Supplied material —
☆ ☆ ☆
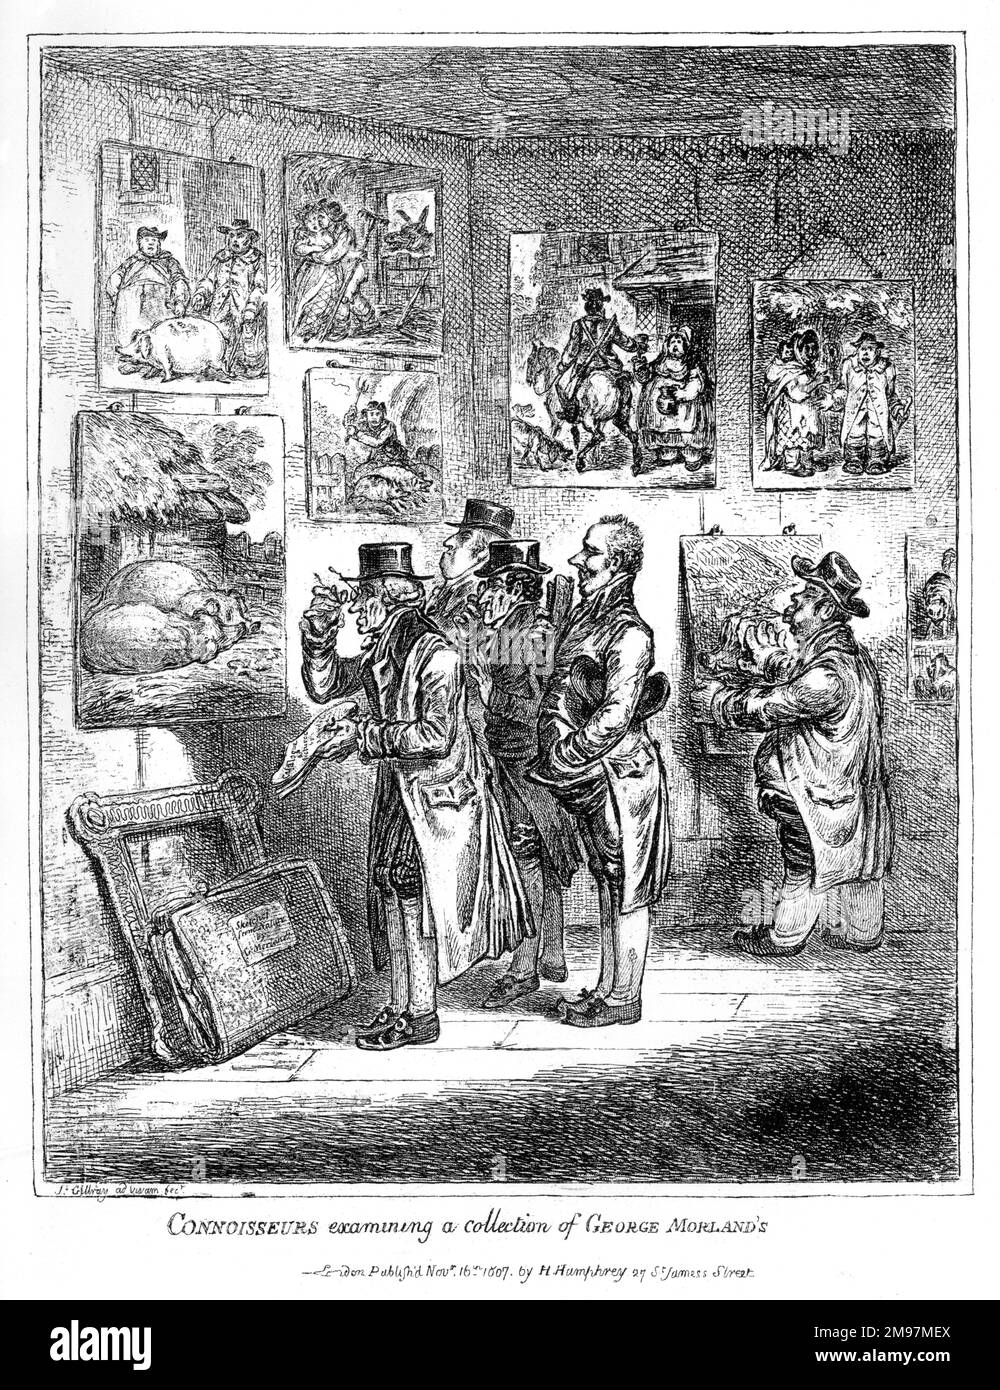 Cartoon, Connoisseurs examining a collection of George Morland's, by James Gillray.  A satire on the popularity of Morland's paintings, focusing on fat pigs, foolish donkeys and greedy dealers. Stock Photo
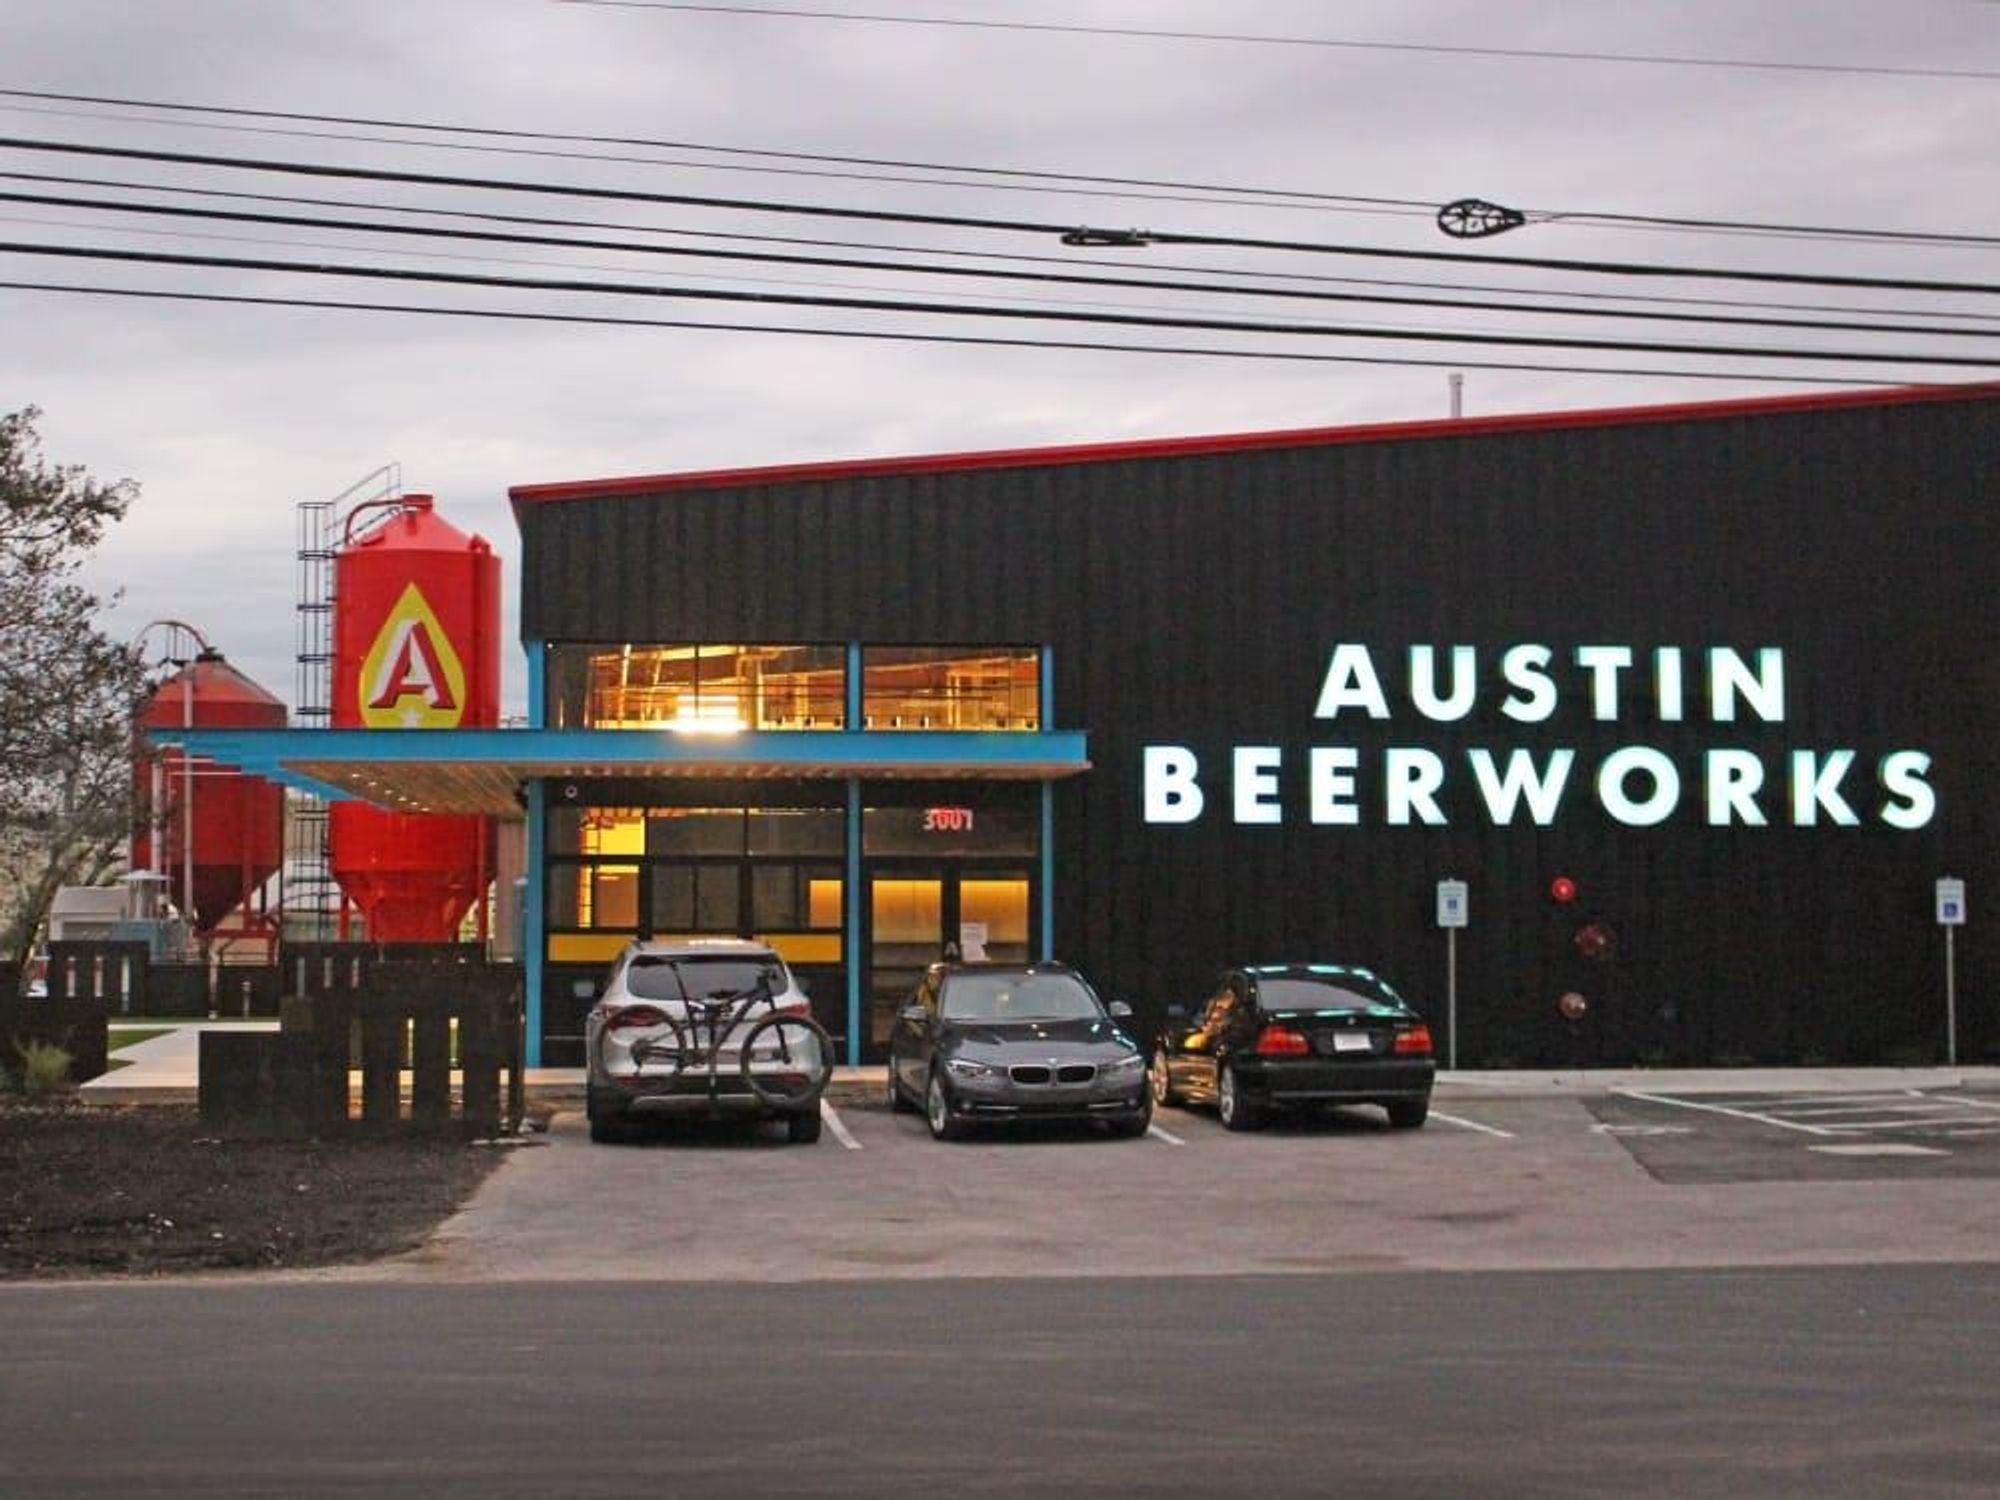 Austin Beerworks brewery front sign
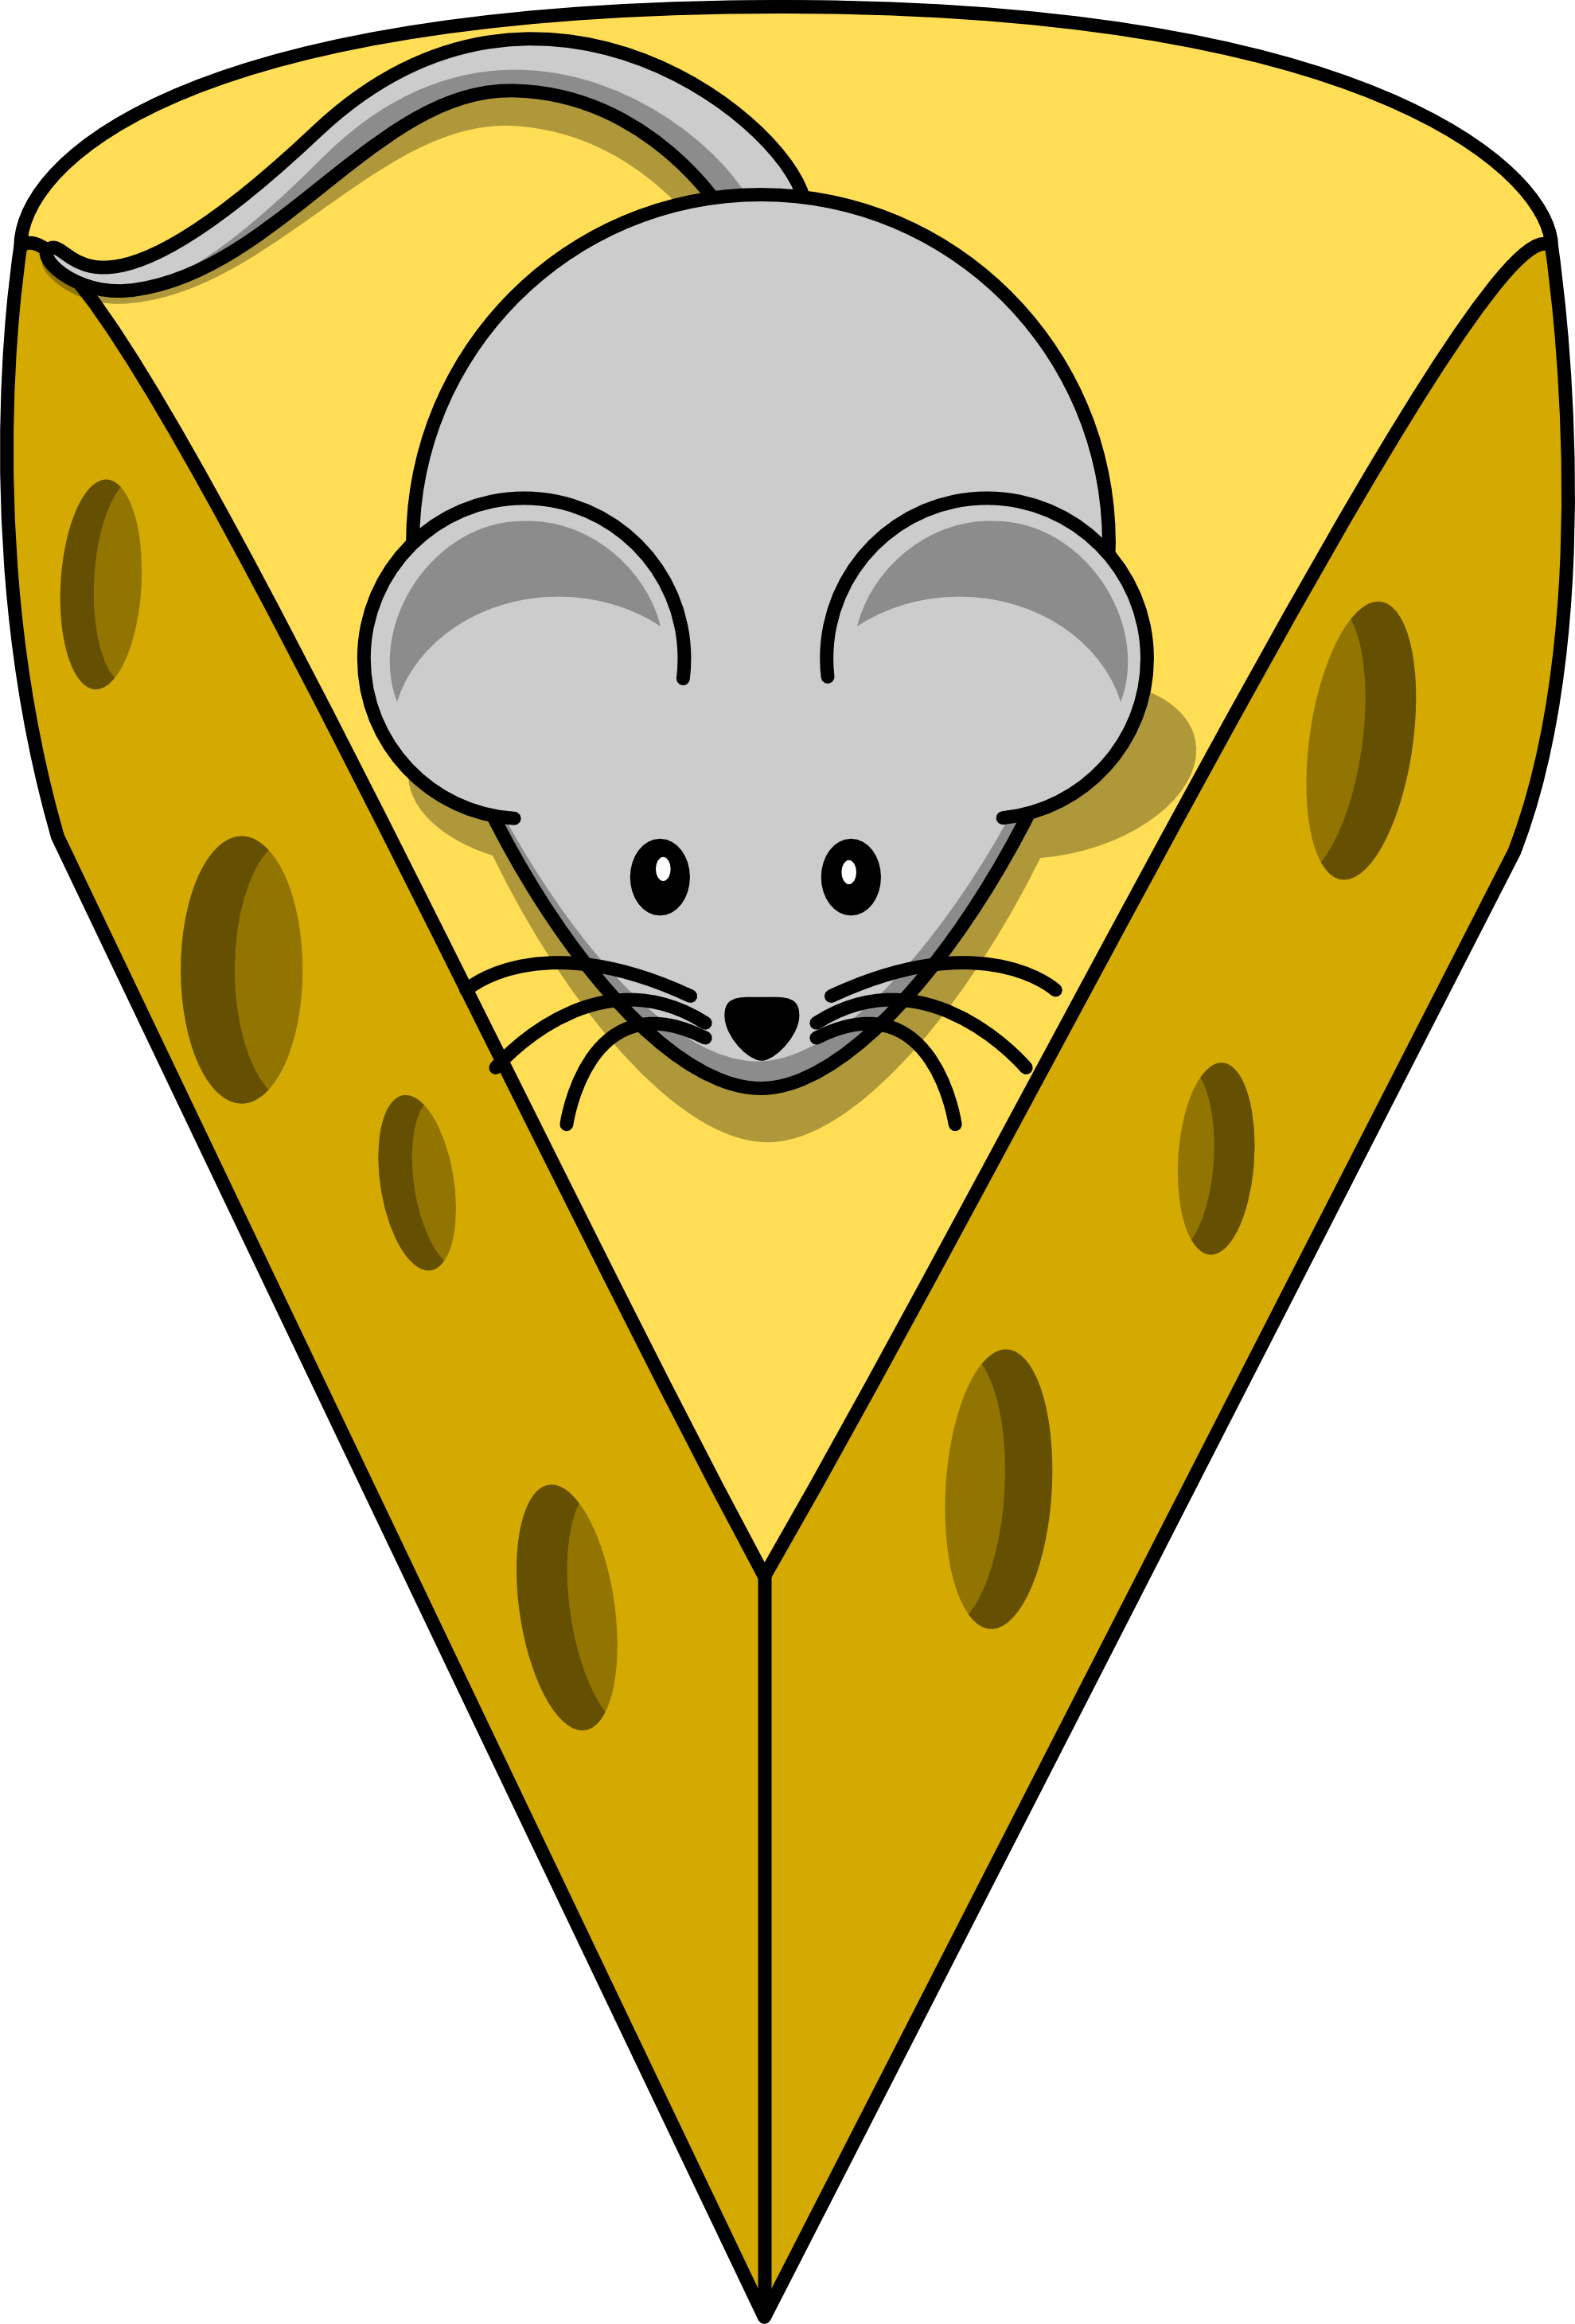 Mouse panda free images. Clipart rat cheese
☆ ☆ ☆
Please keep every line of the data the same when you reproduce it, and keep every picture out.

Result below —
 Cartoon, Connoisseurs examining a collection of George Morland's, by James Gillray.  A satire on the popularity of Morland's paintings, focusing on fat pigs, foolish donkeys and greedy dealers. Stock Photo
 Austin Beerworks brewery front sign
 Mouse panda free images. Clipart rat cheese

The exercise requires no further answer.